'''

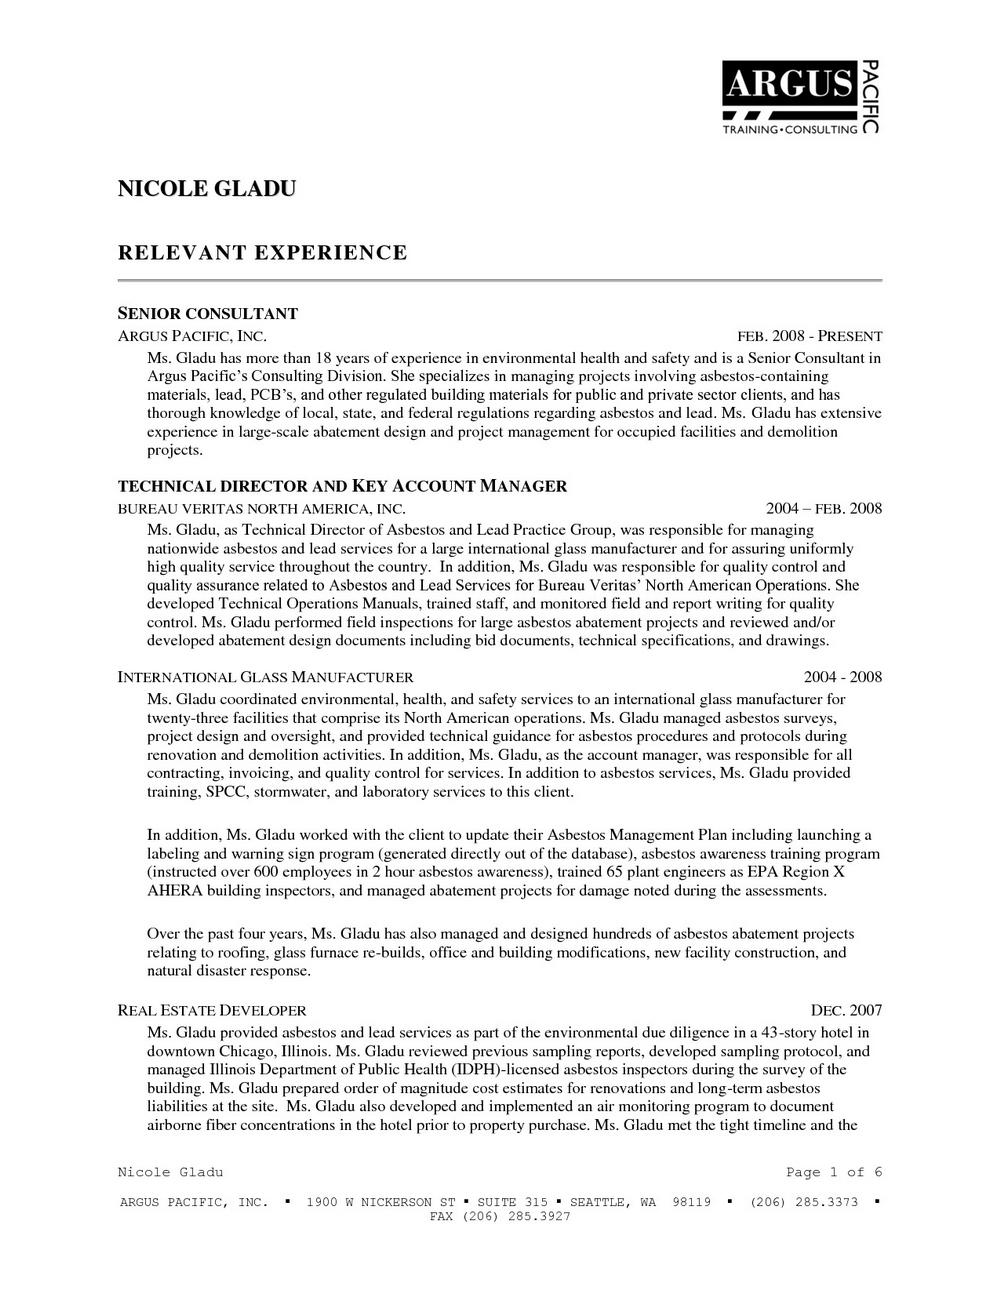 Building Maintenance Technician Resume Examplesresume Writers Bay Area
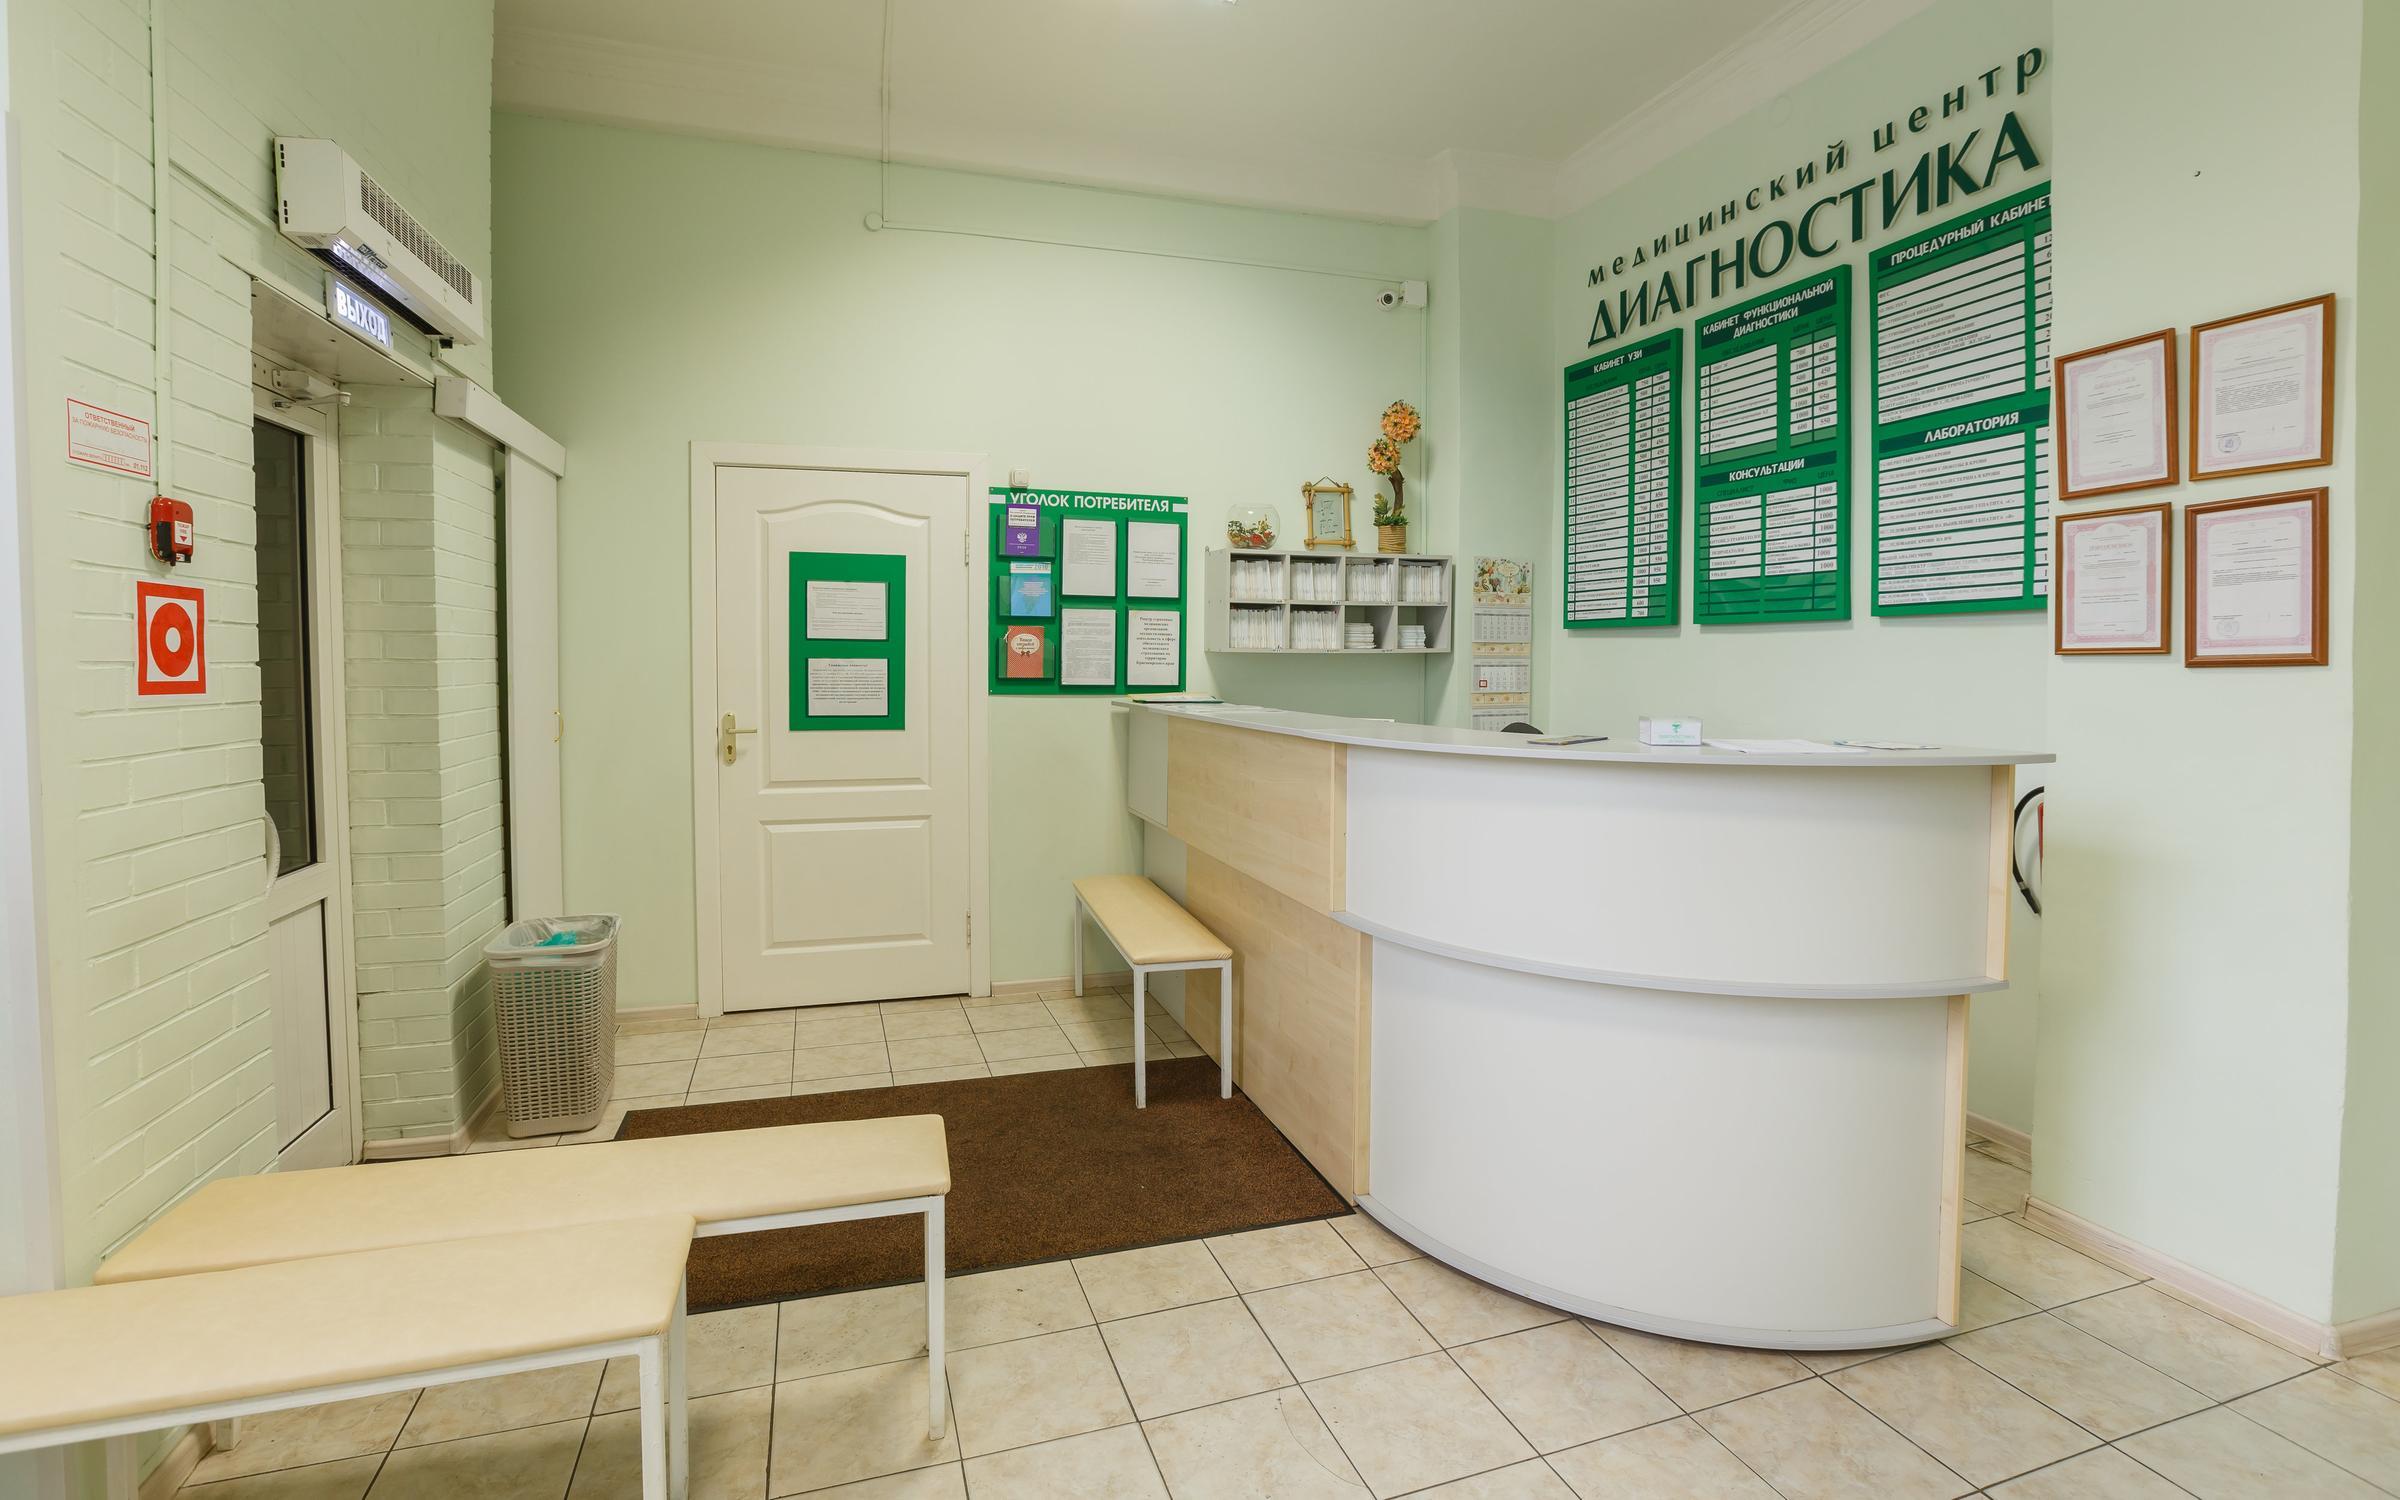 фотография Медицинского центра Диагностика на улице Мичурина
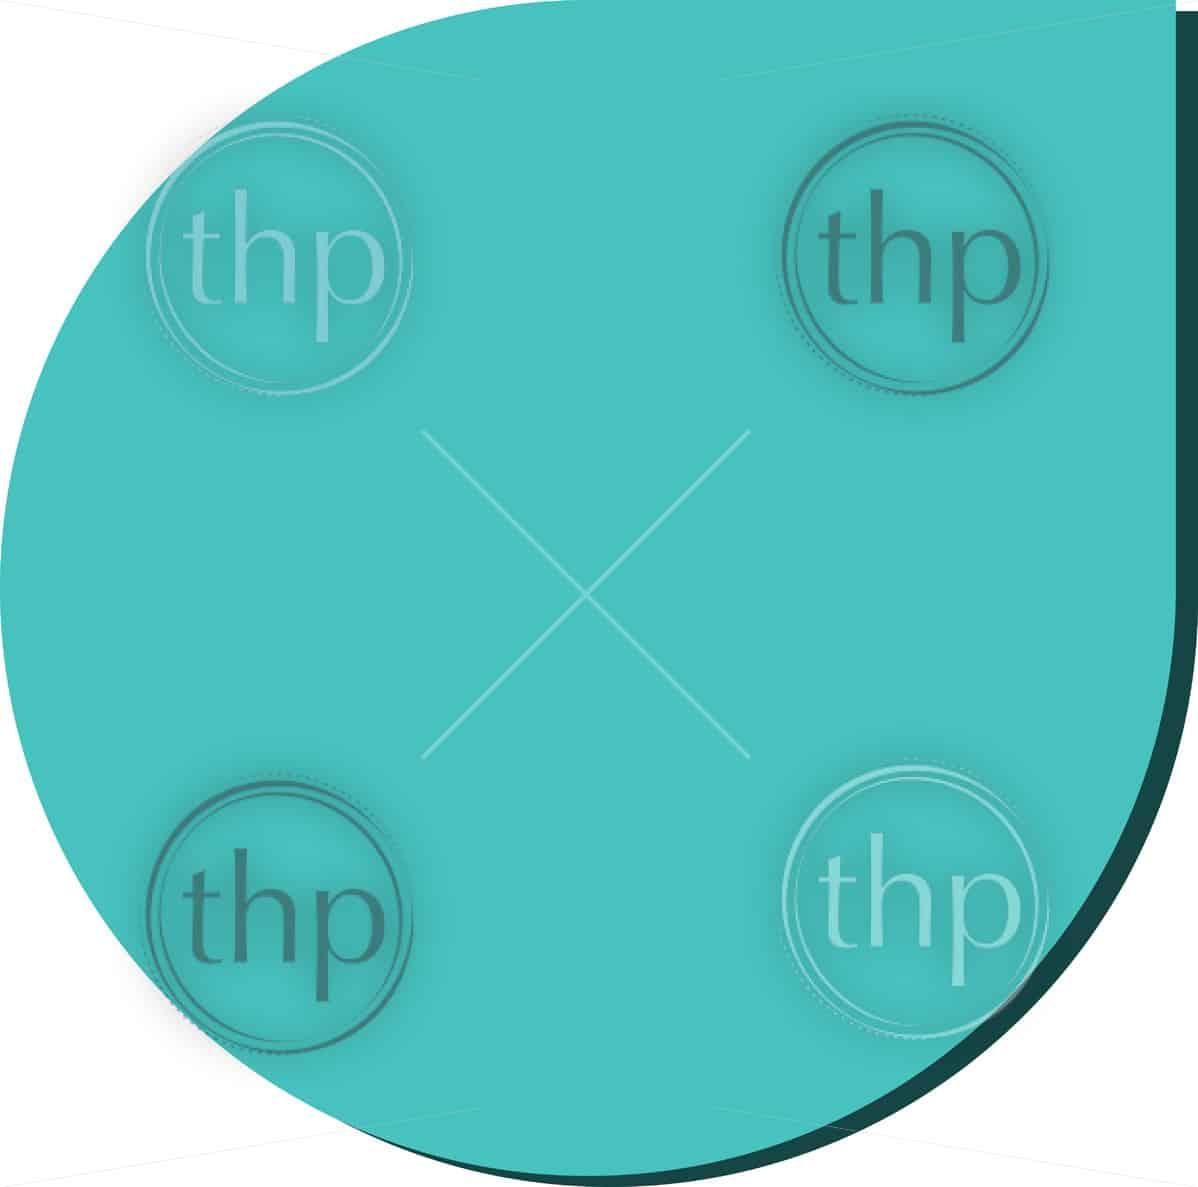 Modern flat design vector in water drop shape

'''

Task description – Above is a listing with pictures. Write it out exactly without them.

Solution to this problem –
 Building Maintenance Technician Resume Examplesresume Writers Bay Area
 фотография Медицинского центра Диагностика на улице Мичурина
 Modern flat design vector in water drop shape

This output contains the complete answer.